Day after day, we witness chaos. Riders weaving through traffic with reckless abandon, ignoring traffic lights, overlapping at will, carrying excess passengers, and violating every known safety rule. When accidents occur, the response is not a calm appeal to law enforcement but mob justice.
Vehicles are surrounded, drivers dragged out, cars stoned or burnt. The assumption is always that the boda boda rider is innocent, and the motorist guilty. Facts, evidence, and justice are cast aside.
What is even more disturbing is the state’s apparent helplessness. Our internal security apparatus looks defeated, powerless, and even tamed. Police officers who should enforce traffic discipline are often outnumbered or intimidated. At times, they are complicit, collecting daily bribes from riders instead of enforcing the law. This has created a culture where boda boda groups feel untouchable.
The comparative numbers paint the full picture. Kenya has well over one point five million registered boda bodas on the road, with thousands more unregistered. They form a voting bloc larger than most political parties can boast. With such raw numbers, they hold sway, and politicians know it.
Every election cycle, we see leaders troop to boda boda stages to curry favor, promising heaven and earth, but never accountability. It is this appeasement politics that has emboldened the sector into a monster we now struggle to contain.

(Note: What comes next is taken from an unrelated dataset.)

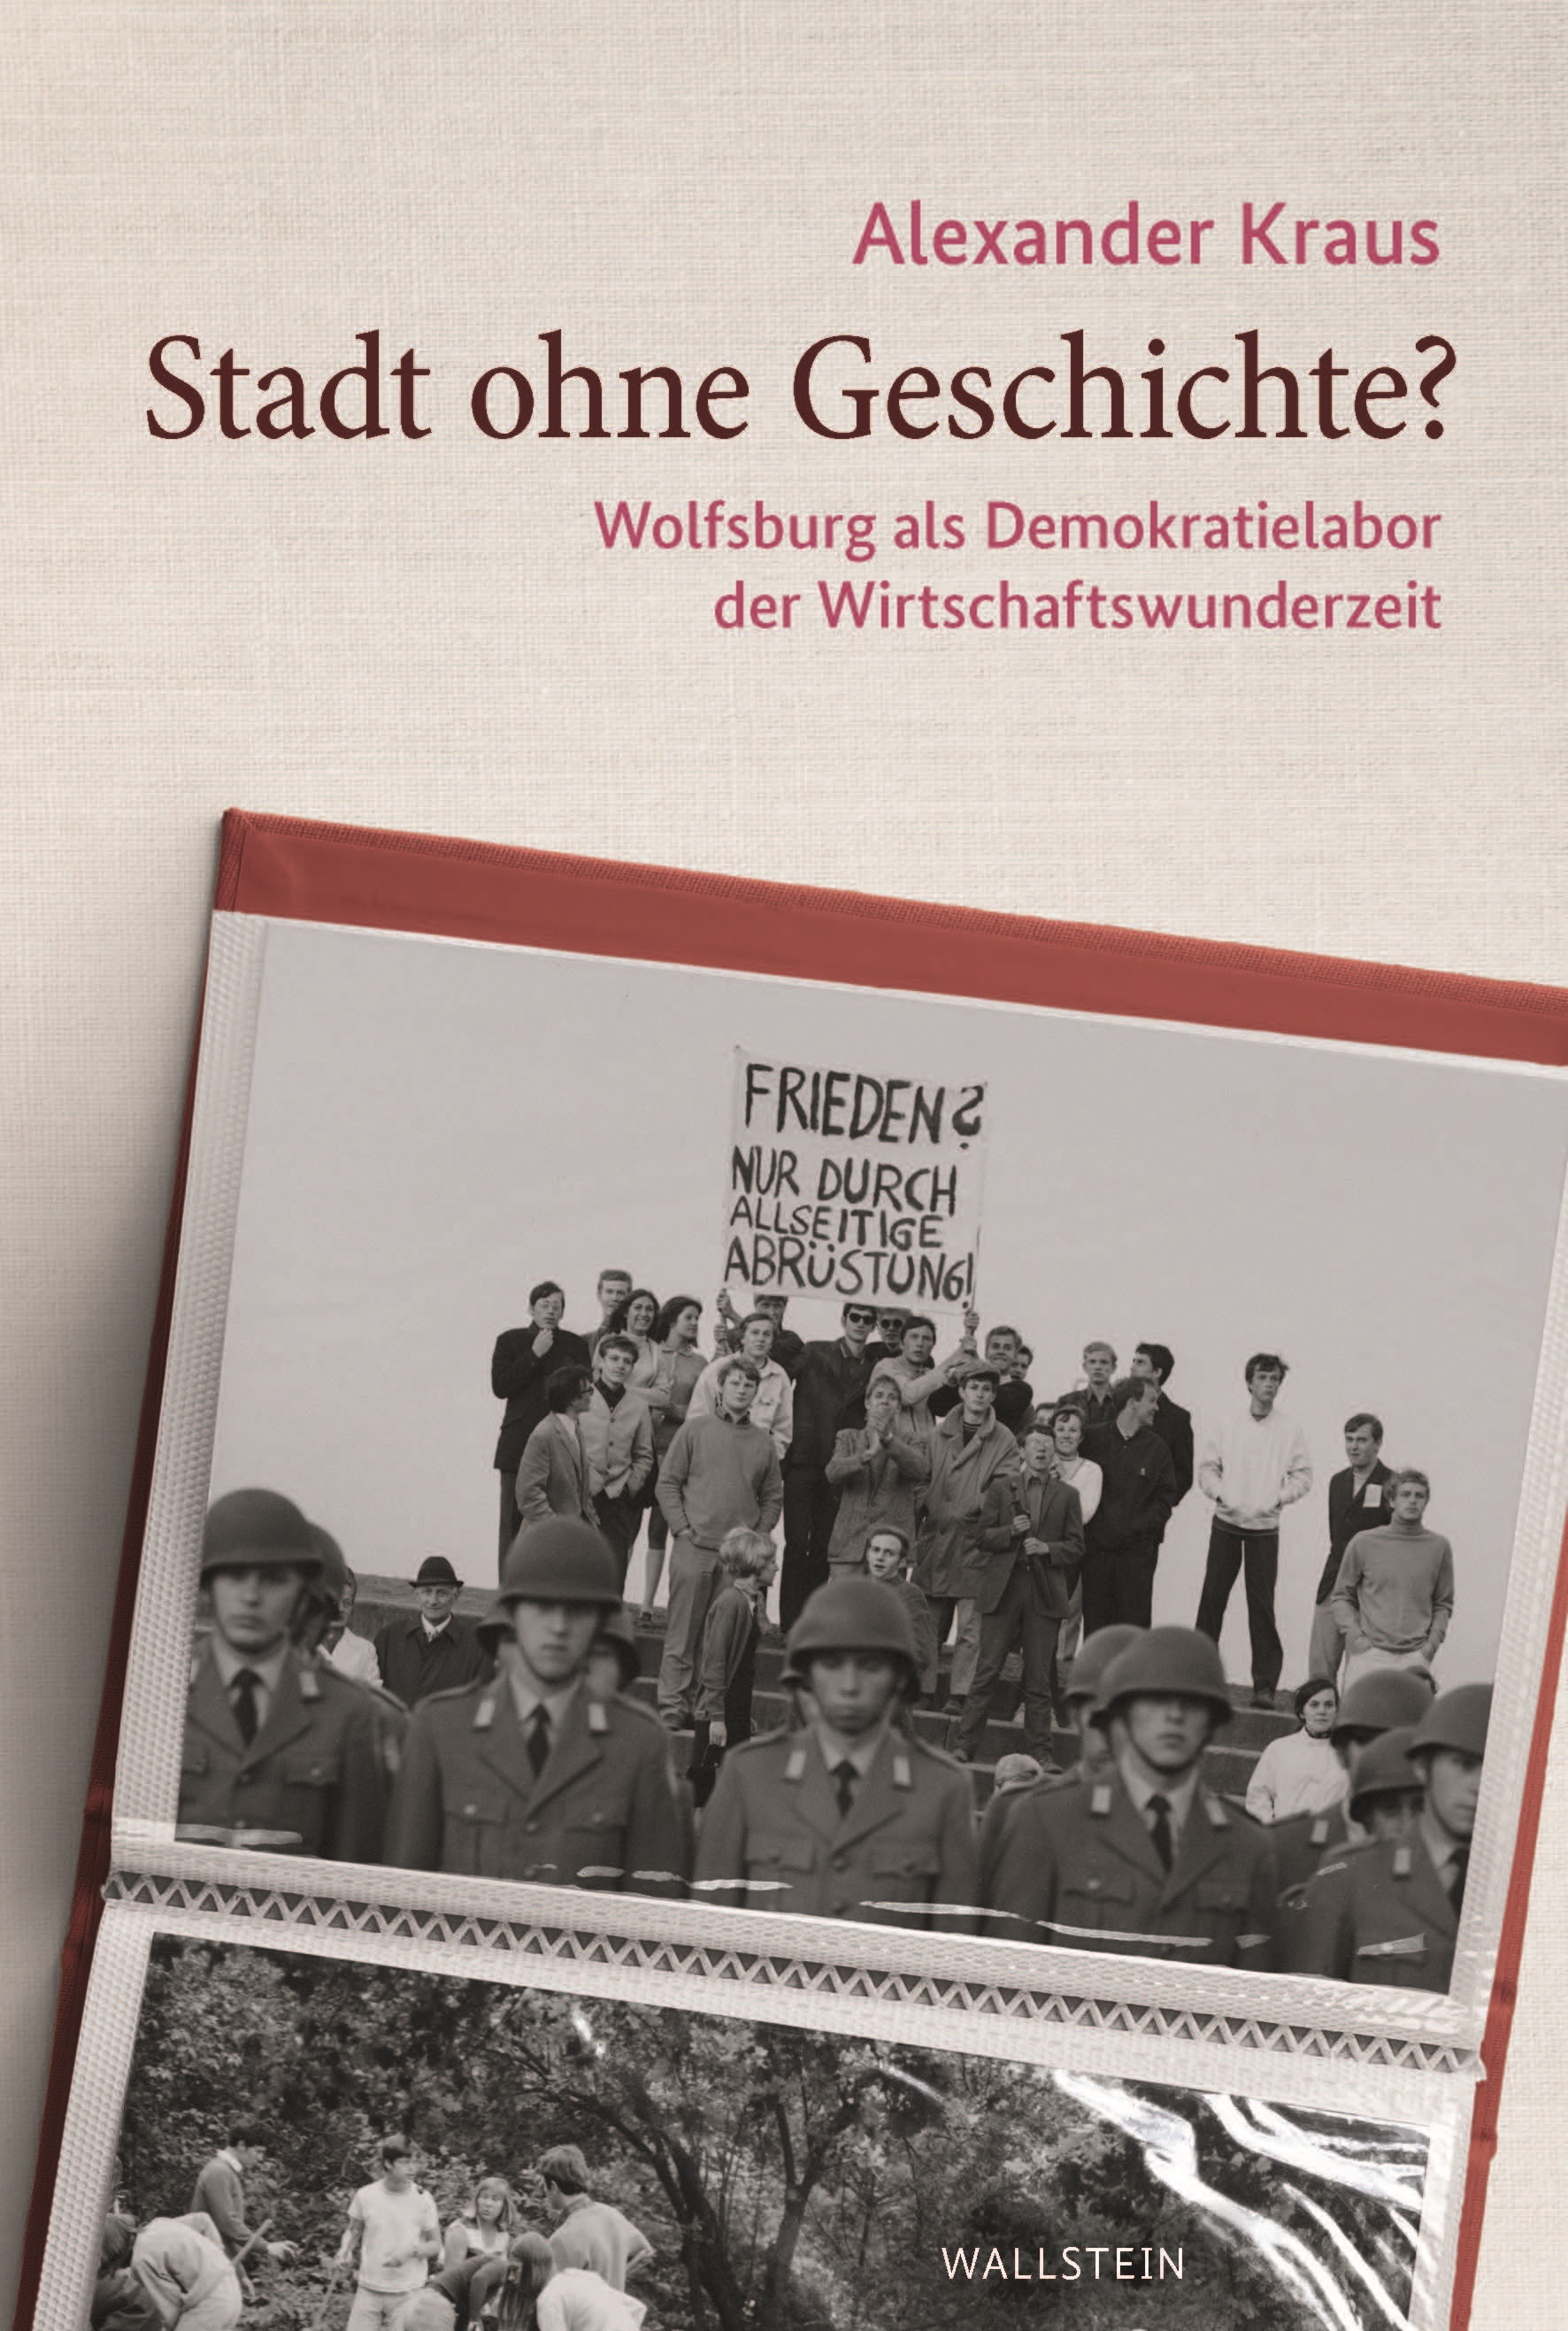 Title page of the book "Stadt ohne Geschichte? Wolfsburg as a democratic laboratory of the economic miracle era"

As we inch closer to another election year, this trend is bound to worsen. Leaders, desperate for votes, will bend backwards to please riders instead of confronting the menace.
The result will be even more impunity, more road chaos, more accidents, and more innocent Kenyans forced to bear the brunt of unchecked lawlessness. One day, this raw power will consume us all.

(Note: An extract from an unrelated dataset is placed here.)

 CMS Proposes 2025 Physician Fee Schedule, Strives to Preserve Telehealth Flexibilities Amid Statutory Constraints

It is time for honesty. The government must tell Kenyans how it intends to address this growing threat. Regulation cannot remain on paper.
Riders must be registered, trained, licensed, and insured. Traffic rules must apply to everyone equally, and enforcement must be firm. The narrative that boda bodas are untouchable must end.
Kenyans deserve safe roads. Roads must serve everyone equally, not become battlefields where might makes right. We cannot continue to allow mob justice to replace the rule of law. If the state cannot tame the boda boda menace now, the cost in lives, property, and national stability will be far higher in the future.
The roads are not theirs. The roads are ours, all of us.